I am far from the first to say it, but this is socialism for the rich and raw capitalism for everyone else. As such, the results are obvious. Even during Covid-19, which is devastating the economy, pushing unemployment to depression levels, slashing incomes, destroying small businesses, and upending global supply chains, the rich and powerful have got vastly richer and more powerful in both nominal and relative terms. Heads they win; tails you lose. Until we all lose.
There is an emergent view, strongly supported by Turchin’s use of cliodynamics to quantitatively model how countries move from inclusive economic growth and social stability to civil breakdown, that at least one common denominator to both the Hong Kong protests and those in the US is a feeling of bitter disenfranchisement as glittering designer shops and media extolling them spring up next to unsung millions struggling to make ends meet. In that regard, the more QE we get from here, the worse things get in social and political terms. It will be a red flag to a bull, even if it is bullish for assets.
The only logical exception is if that QE becomes MMT and is spent on ordinary people by the government. The other alternative is raw capitalism for everyone, major trust-busting, and an epic asset-price reset: but that Austrian cure is probably going to kill the patient at this stage. On MMT, imagine if the USD2.1 trillion bailout package and USD3.8 trillion fiscal deficit now expected for 2020 were directed mostly into ordinary people’s pockets instead of special interests. Do you think we would be facing an economic slump, or an economic boom? Even the psychological recognition that the government was prepared to think and act like that would be extremely positive. (“A word about my personal philosophy. It is anchored in optimism. It must be, for optimism brings with it hope, a future with a purpose, and therefore, a will to fight for a better world.” ***Trigger warning for a certain section of the readership of this Daily*** Saul Alinsky)

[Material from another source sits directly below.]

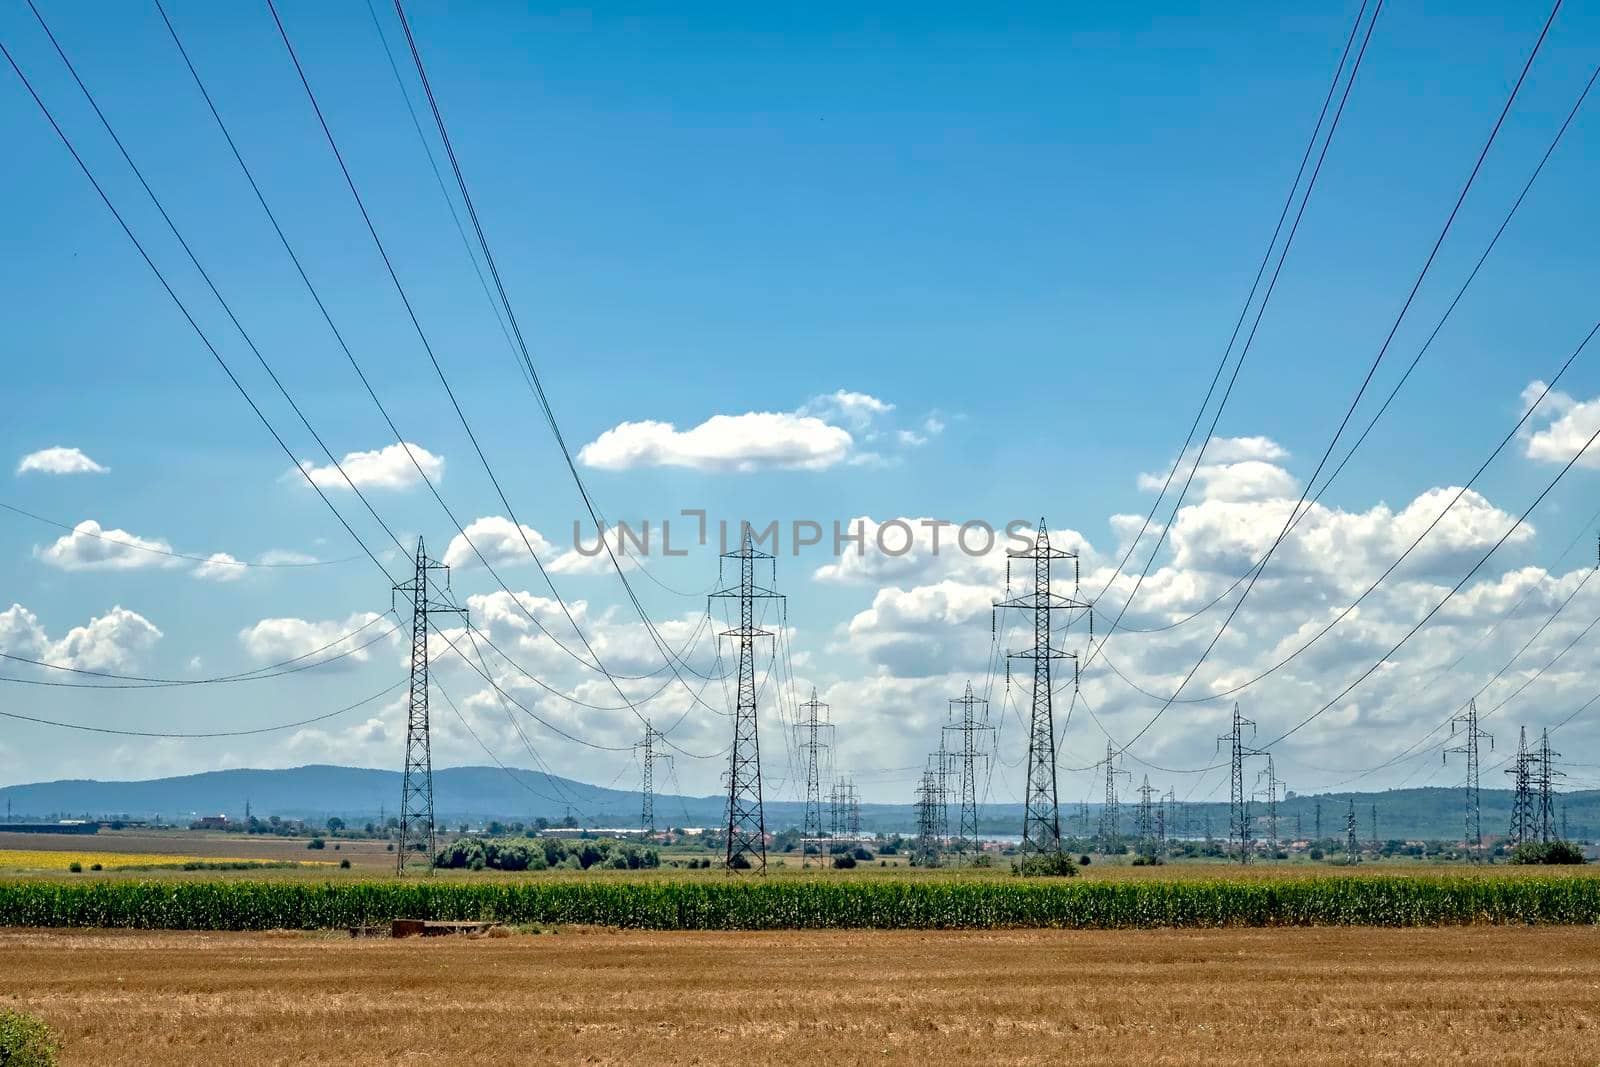 Rows of electrical towers and power lines. Horizontal view

Yes, if we were to see MMT really embraced then it changes domestic political dynamics; we can burn the economics textbooks – which we should be burning anyway; and it opens up a host of geopolitical problems, as has been explored here many times before. (See Moody’s latest downgrade of Indian sovereign debt rating, for example; and note the rumours that China is going to pause US agri purchases.) However, if the alternative is social breakdown and the army on the streets, which one looks more attractive? Sadly, perhaps still that status quo:
- US Republicans are already talking about dealing with the federal debt, as if that were possible, and many Democrats feel the same.
- The UK has had to disavow rumors of public-sector austerity ahead – but it’s coming if certain factions of the Tories get their way. Talk Radio is now asking how the debt will be dealt with.
- In Australia there is talk of a public-sector pay freeze and handing out AUD20,000 to new home buyers despite ‘tradies’ being so busy they don’t bother answering the phone: taxpayers need to ensure Aussie houses are more expensive as wages freeze or fall in other sectors. (The RBA flagged the worst downturn since the 1930s as it left rates on hold today, albeit “it is possible that the depth of the downturn will be less than earlier expected.”)
- Need I add that Europe and austerity usually go together like love and marriage? There is still no agreement from the Frugal Four on the proposed, mildly-expansionary EU budget.
As a final historical heuristic, and with 2020 elections looming in the US, note that historians see the 1968 riots were a significant contributing factor to the election of the socially-conservative Richard Nixon; and economic historians know this marked the start of the subsequent US economic policy shift towards the market-centred neoliberalism that has ended up with us all relying on QE.
Have we come full circle, or are we about to take things to the next level?